Surely no one would deny the first truth that suffering exists: there is the obvious physical suffering of sickness, infirmity, and death, and there are the more subtle torments of endless dissatisfaction arising from a futile quest for lasting pleasure. Suffering has myriad forms, but, according to Buddha’s teaching, all suffering has the same root cause. The root cause of all suffering is our self-cherishing mind, which arises from our self-grasping, our deluded notion that we – and all other phenomena – exist inherently. But what is inherent existence? The term means that phenomena exist in their own right, independent of our perception, conceptualization, and categorization. If we believe in inherent existence, we believe that every phenomenon has some unalterable, unchanging essence. Mistaken though this belief in inherent existence is, it is a belief to which we have clung since beginningless time. The belief makes us feel separate from other sentient beings and leads us to act without compassion and wisdom to protect what we think of as our inherently existing selves. Self-grasping gives rise to egocentricity and selfishness.
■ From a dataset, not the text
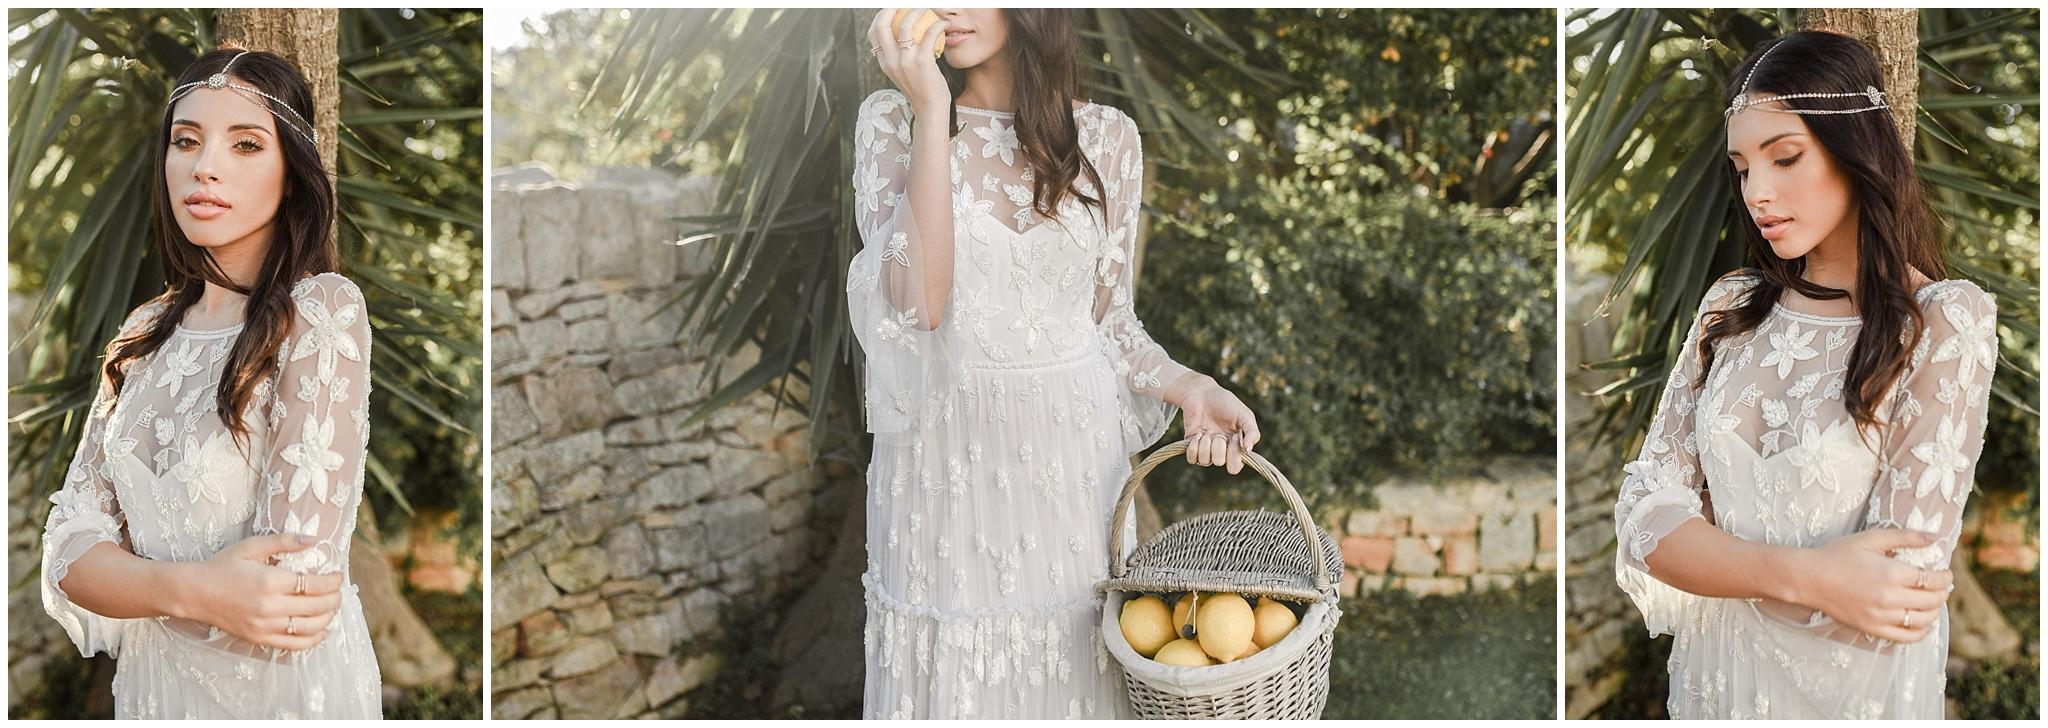 Puglia-Tara-Florence-Bridal-Editorial-160_WEB.jpg

The belief in inherent existence is fundamental ignorance; it is the root delusion from which all our negative emotions arise.
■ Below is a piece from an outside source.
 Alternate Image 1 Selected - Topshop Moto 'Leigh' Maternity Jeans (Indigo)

But surely, we might argue, it is quite obvious that phenomena are real. And Buddhism might say, yes, they are, but not in the way we typically think of the realness of things.
The teachings of the Madhyamaka school of Tibetan Buddhism, which I espouse, are not solipsistic: they do not say that phenomena have no existence. Rather, the teachings exist as dependent-arising phenomena. This means they arise from causes, conditions, concepts.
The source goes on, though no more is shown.